So what I take from the above is that evolution involves a process of random and unpredictable mutation, combined with a predictable process of natural selection whereby certain mutations win out over others, but all mutations in all species began in a single common ancestor.   [Another more succinct summary is available here.]

Professor Futuyma admits that there is an “appearance of design in living things.”  He claims that the theory of evolution by means of natural selection—which is to say, one way of interpreting the evidence—explains that appearance of design based on random occurrences.  The intelligent design (ID) crowd claims that the theory of evolution by means of natural selection is not the best explanation of the appearance of design.  The ID people claim that life appears designed because it is designed; it is not random.  Now, keep in mind, the ID scientists make no claim for the source of this designer—it could be aliens; they can’t (and won’t) say (“Unlike creationism, the scientific theory of intelligent design does not claim that modern biology can identify whether the intelligent cause detected through science is supernatural”).  But ID scientists claim that life was designed by some intelligent source.  I’ll allow some of the ID people to speak for themselves:

The theory of intelligent design holds that certain features of the universe and of living things are best explained by an intelligent cause, not an undirected process such as natural selection. . . .
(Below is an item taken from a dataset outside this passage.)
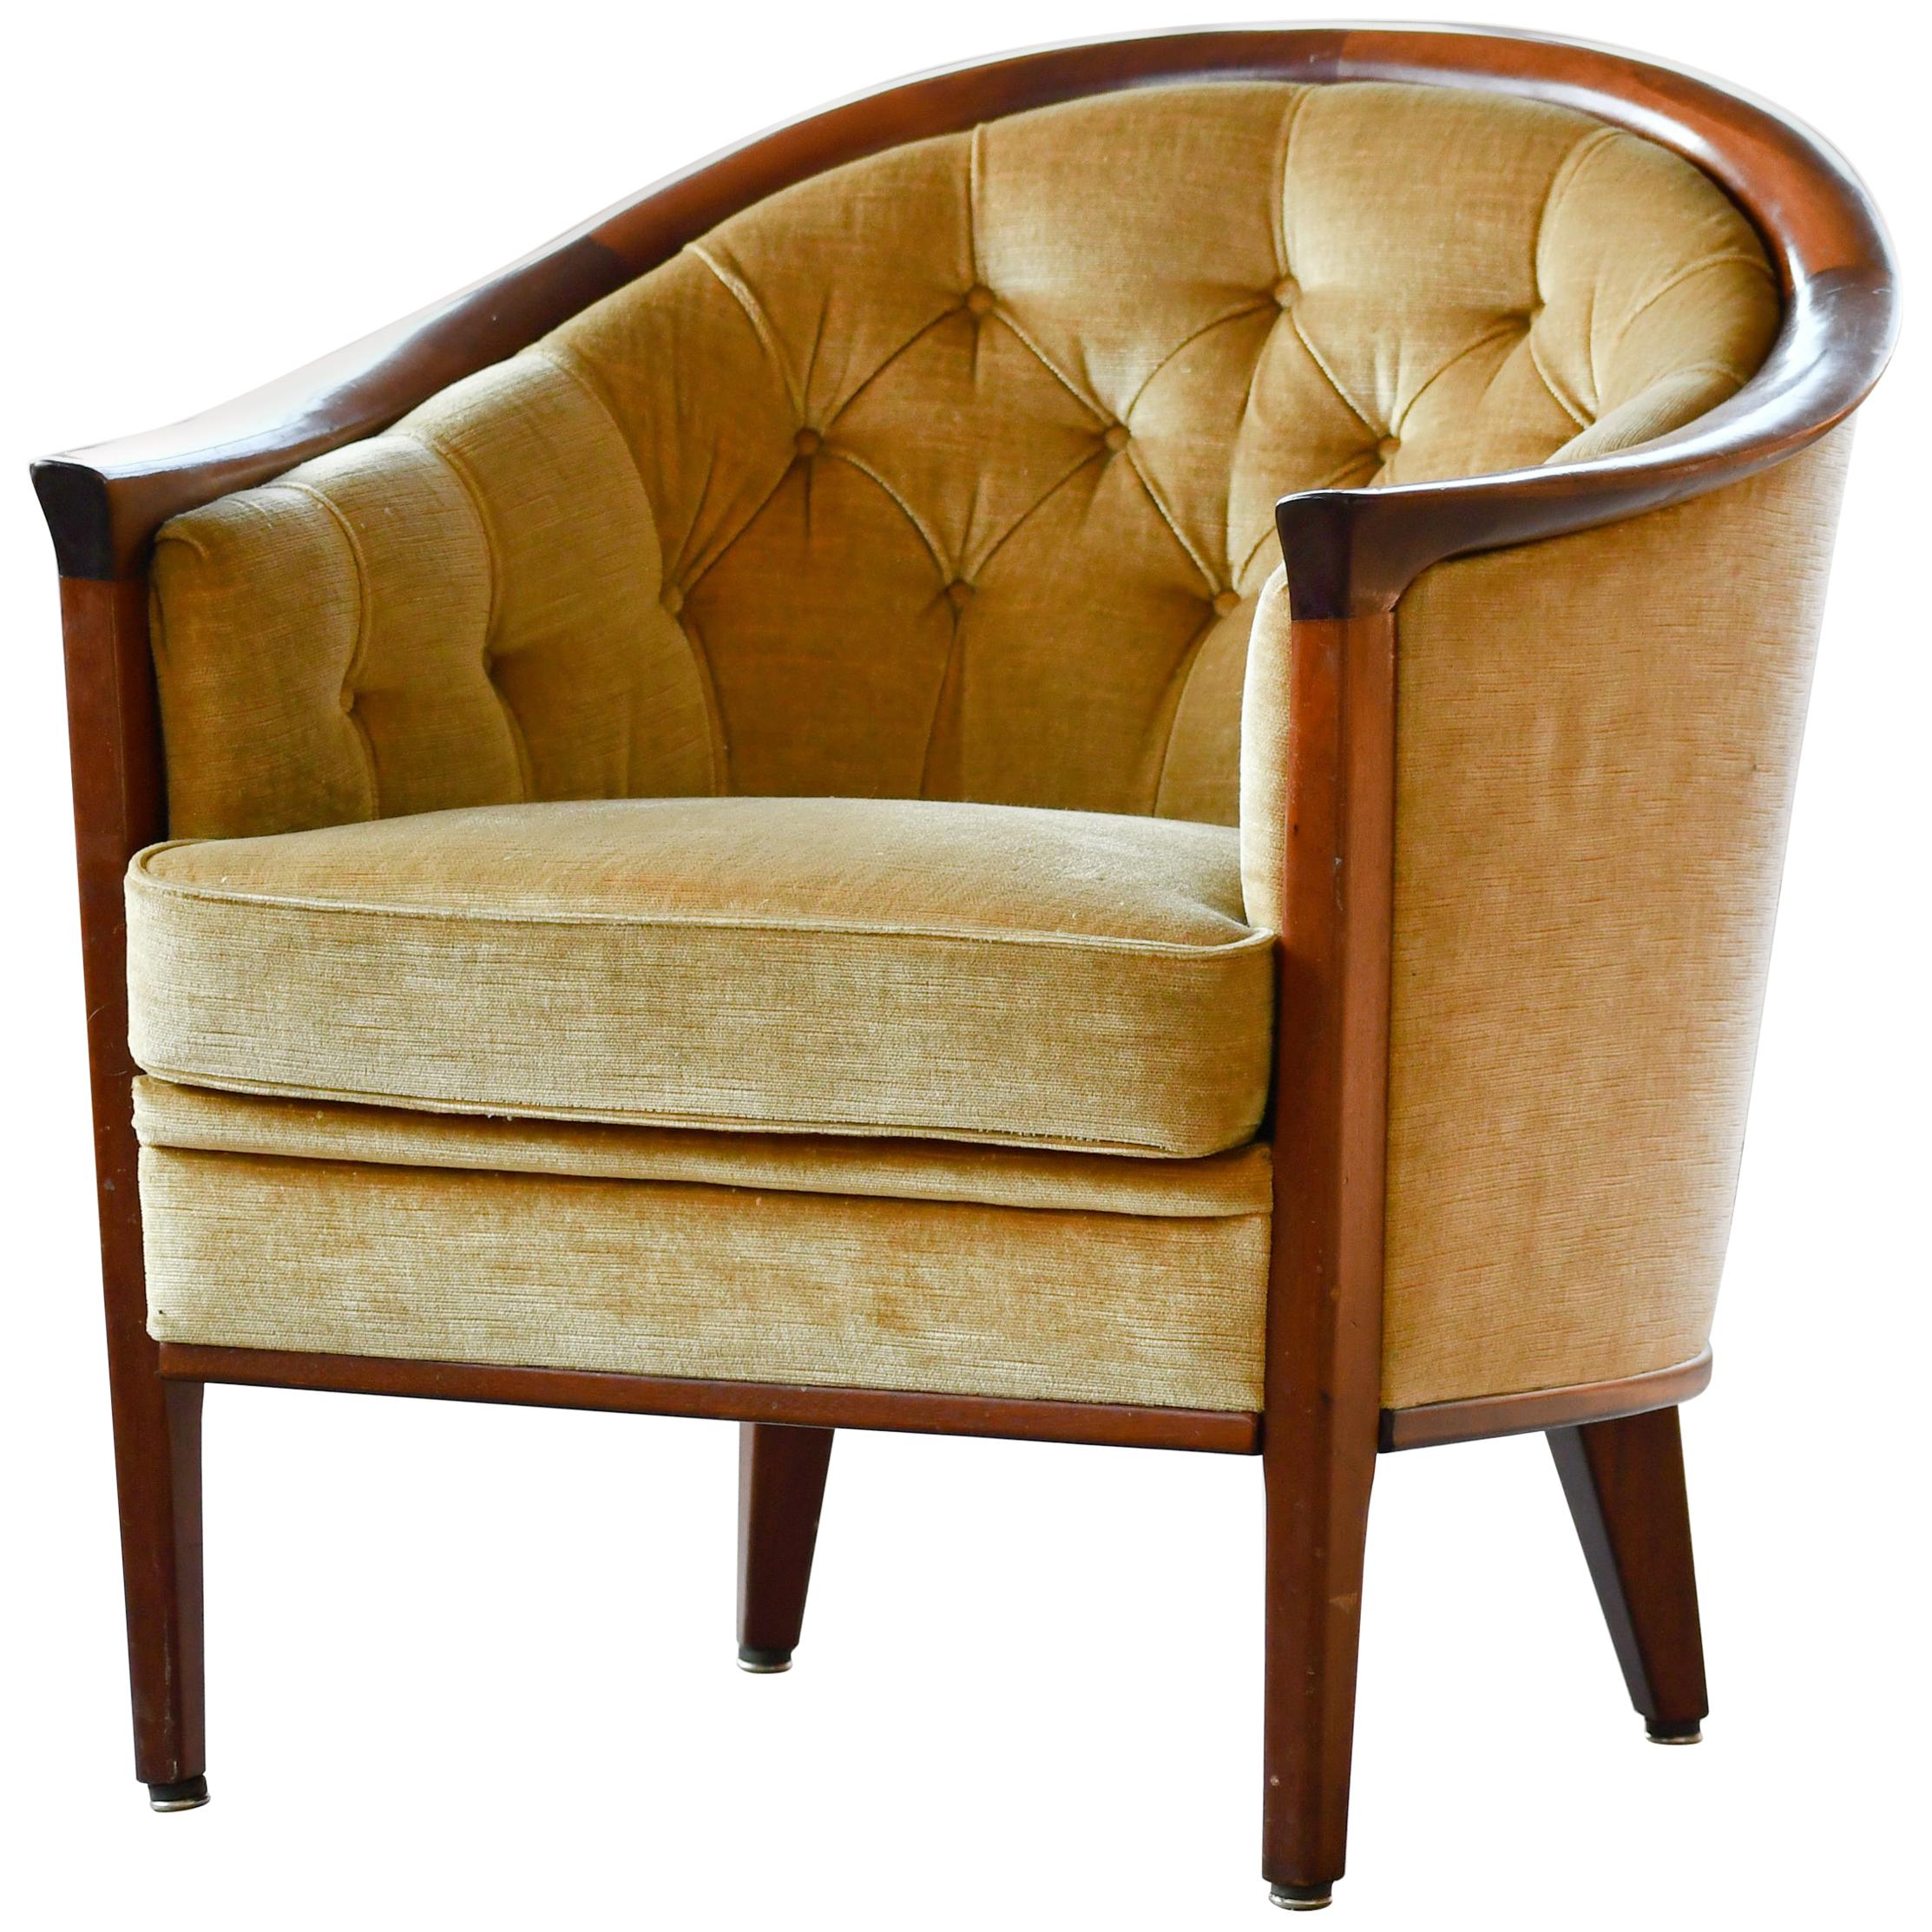 Pair of Midcentury Lounge Chairs Model "Aristokrat" by Bertil Fridhagen

If [evolution] simply means “change over time,” or even that living things are related by common ancestry, then there is no inherent conflict between evolutionary theory and intelligent design theory. However, the dominant theory of evolution today is neo-Darwinism, which contends that evolution is driven by natural selection acting on random mutations, an unpredictable and purposeless process that “has no discernable direction or goal, including survival of a species.” (NABT Statement on Teaching Evolution). It is this specific claim made by neo-Darwinism that intelligent design theory directly challenges.

Now, as to the claim that the theory of evolution by means of natural selection is scientific and ID is not because ID is not falsifiable: how is the concept of randomness possibly falsifiable in any way that ID is not?  Is the question of whether some certain pattern is random or designed not a proper subject of scientific inquiry?  If not, then scientists have no business saying anything is random (and thus Professor Futuyma’s brilliant explanation above is not scientific; the concept of randomness is all over the place).  But if that question is a subject of science, then ID certainly belongs in the scientific discussion.  ID is merely an interpretation of the evidence which, as Professor Futuyma admitted, establishes the appearance of design in nature. 
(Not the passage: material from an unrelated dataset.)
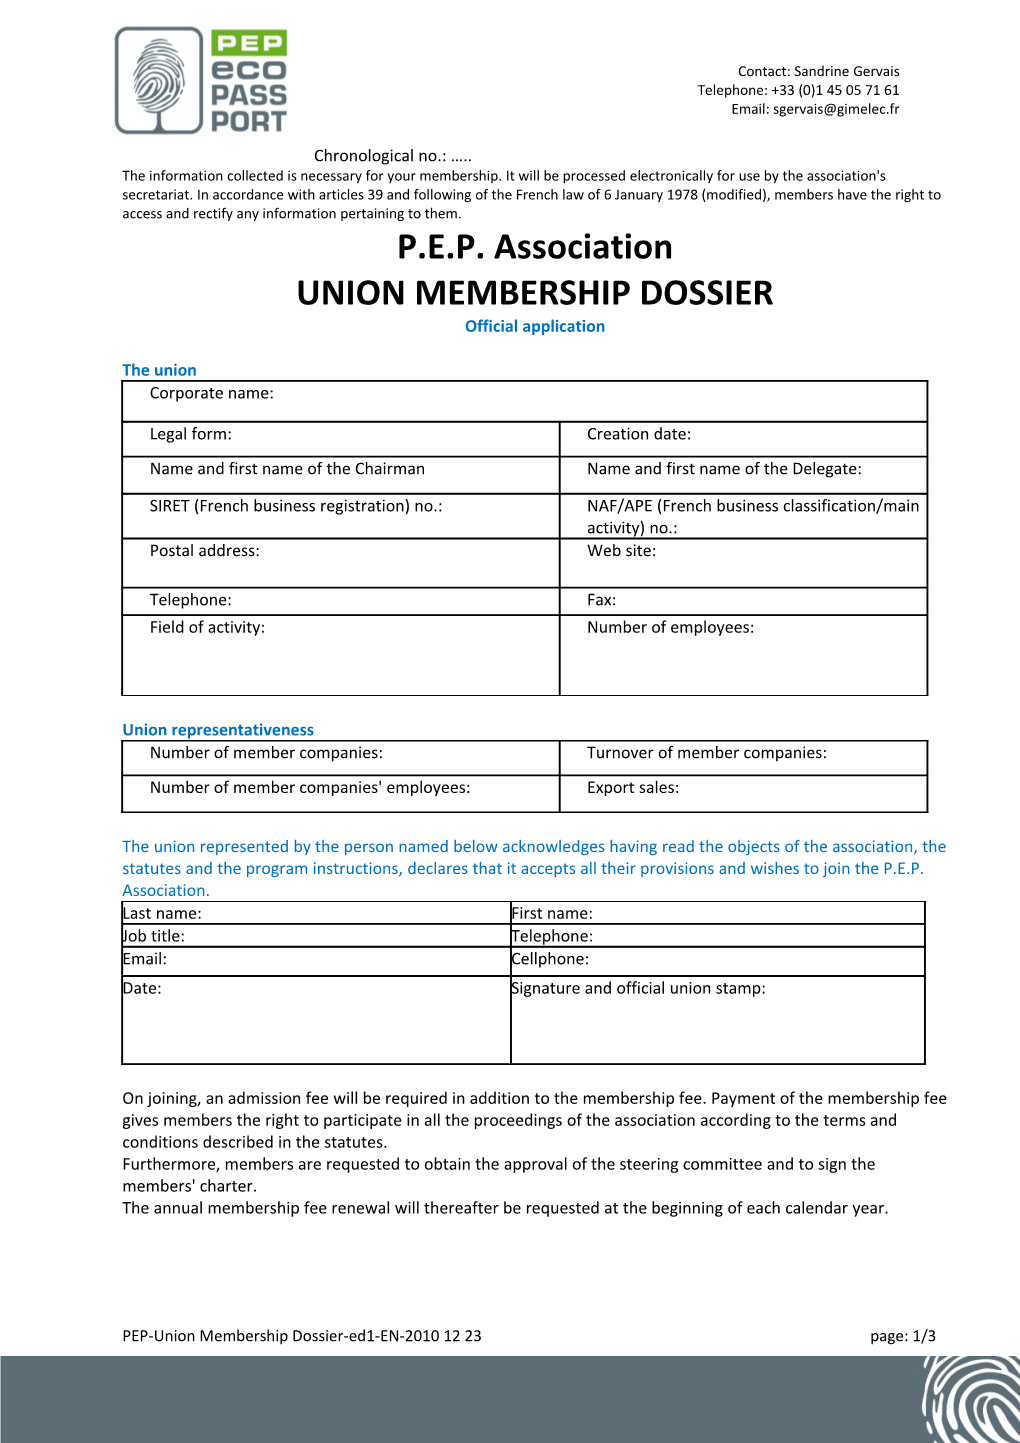 Union Membership Dossier

Thus, the ID proponents claim that what they are doing is science:

Is intelligent design a scientific theory?

Yes. The scientific method is commonly described as a four-step process involving observations, hypothesis, experiments, and conclusion. Intelligent design begins with the observation that intelligent agents produce complex and specified information (CSI). Design theorists hypothesize that if a natural object was designed, it will contain high levels of CSI. Scientists then perform experimental tests upon natural objects to determine if they contain complex and specified information. One easily testable form of CSI is irreducible complexity, which can be discovered by experimentally reverse-engineering biological structures to see if they require all of their parts to function. When ID researchers find irreducible complexity in biology, they conclude that such structures were designed.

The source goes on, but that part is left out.